Are there any benefits to running up hill exercise workouts? Many people avoid running up hills because it is such hard work, but that of course, is the crux of the problem.
Hill running as a sport is massive in it's own right (separate from athletics - you may also have heard it called Fell Running or Extreme running) and has many benefits.
Is there a technique involved? As with any exercise, always warm up first, with at least ten minutes of easy running, then choose an incline that takes you from 1 to 4 minutes to run up. The longer the distance you are training for, the longer your repeats should be (and vice versa).
Apart from the need for a good basic level of fitness, running up hills has three benefits that can help any runner :
- Mental Toughness :
Many runners avoid hills, they dread them. But if you embrace them, guess what? When you're in a race and a climb looms up ahead, you know this is an opportunity to make up time, pass a few people, kick-start your race.
- Stronger Push-Off :
Performed regularly, this will strengthen your ankles. This means that you can push off the ground more powerfully with each stride, propelling you further forward with each stride.
- Flexible Hips:
Stride length is a key factor in running speed - quite simply, the further each stride takes you, the fewer strides you have to take, and the faster you'll run.
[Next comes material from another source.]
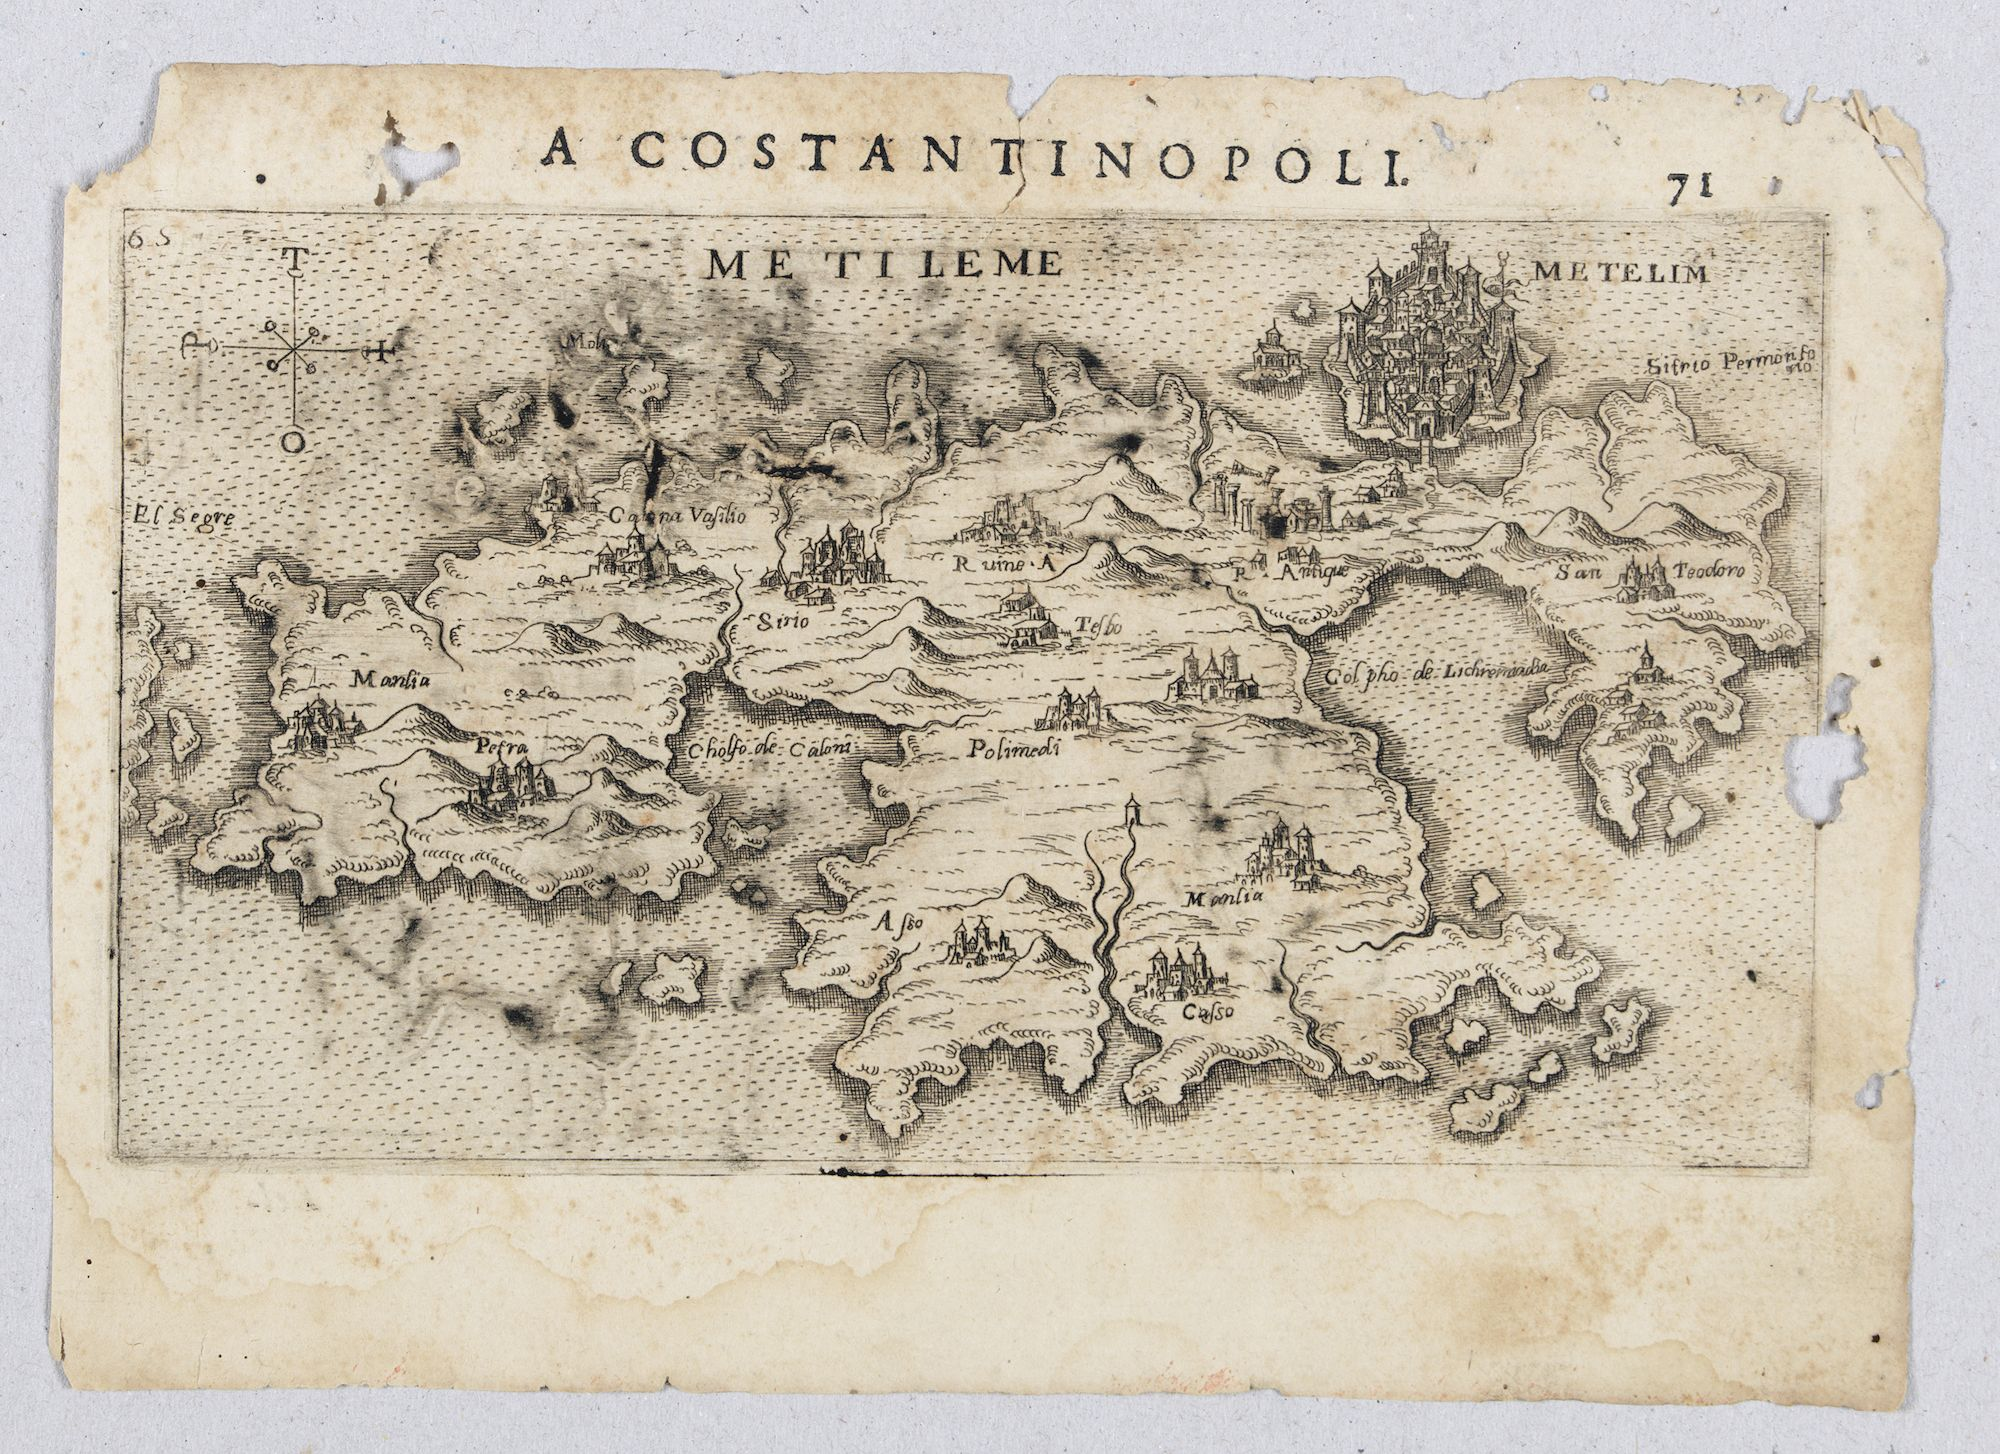 ROSACCIO, Giuseppe. -  Metileme. (Lesbos)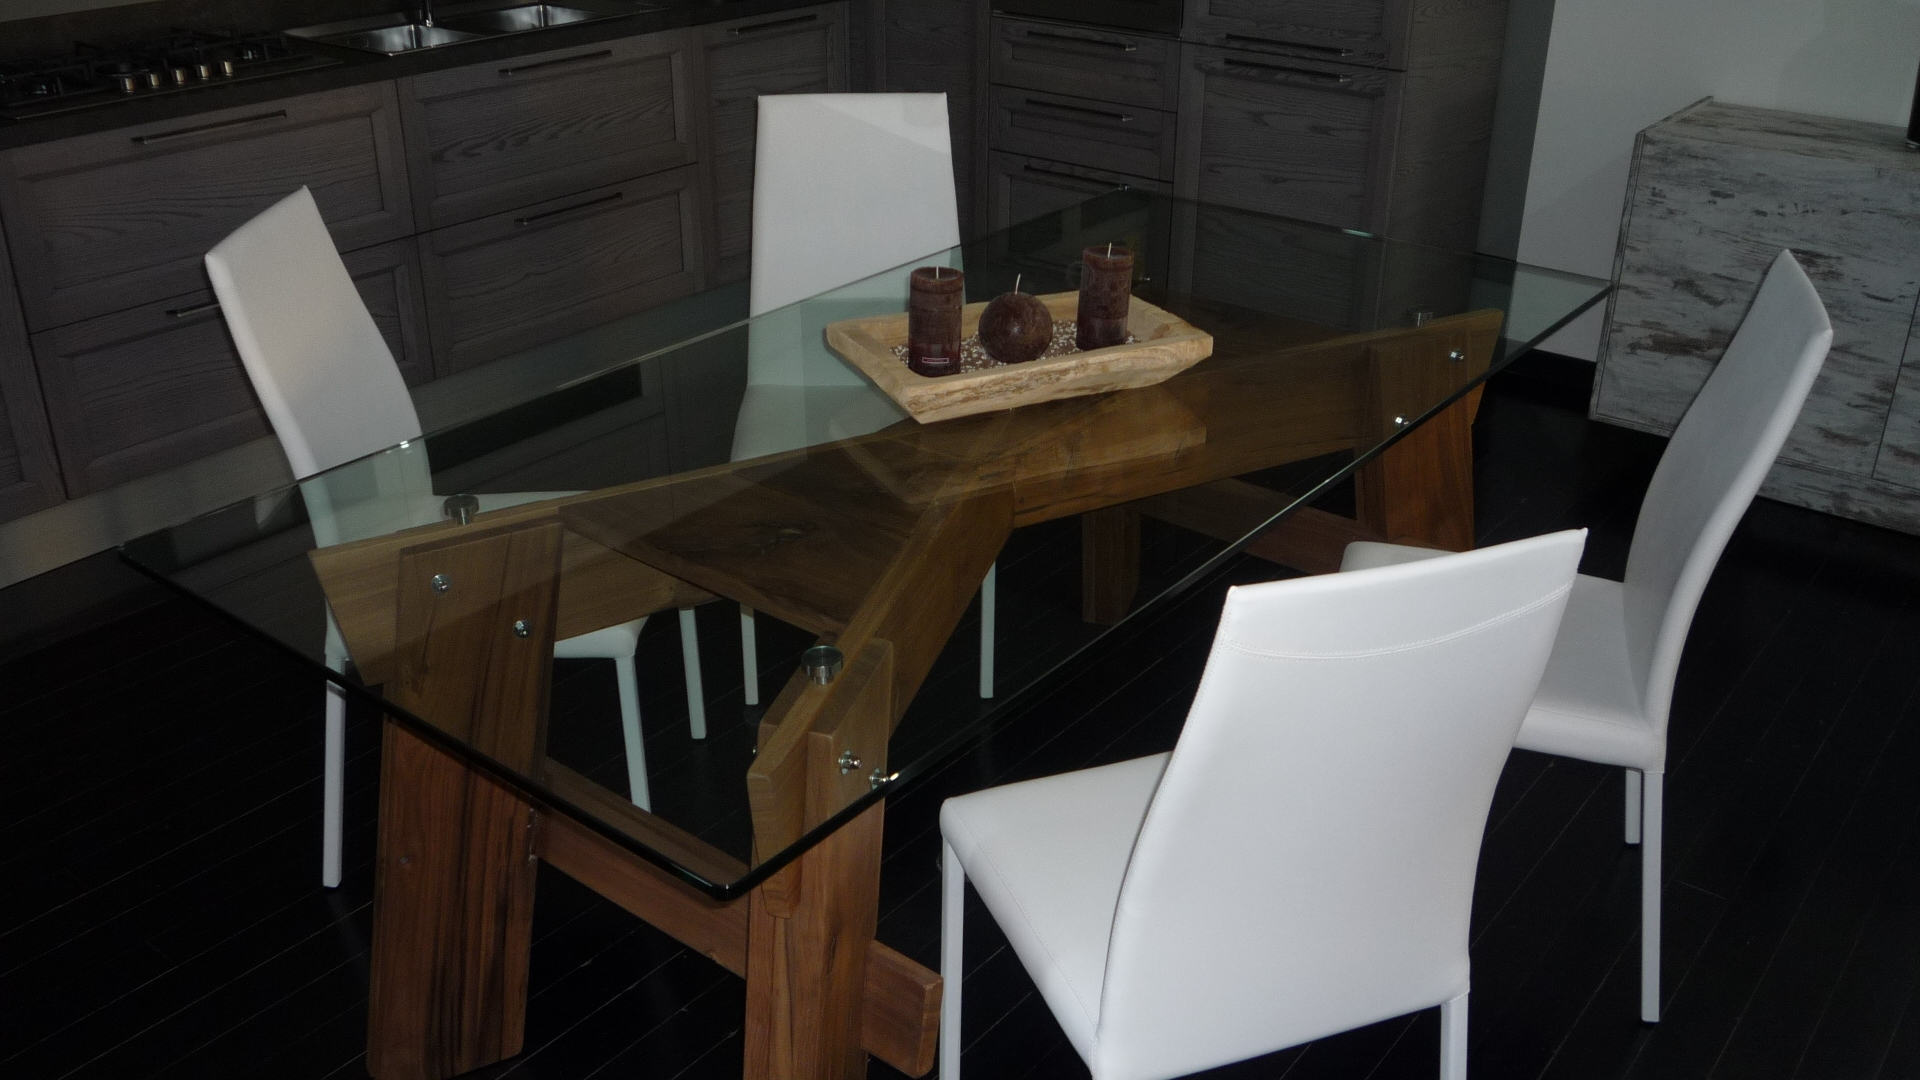 Altezza di un tavolo da cucina : altezza media di un tavolo da ...

When you run up an incline, you lift your knees higher, which increases hip flexibility and thus stride length.
Running up an incline requires a slightly different stride to normal - lean forward slightly, pump your arms, and aim to maintain a good pace all the way to the top. Slowly jog back down after each repeat. Start with a couple of repeats, and aim to add one per week to a maximum of 8 repeats.
This is a tough workout, so once a week is plenty.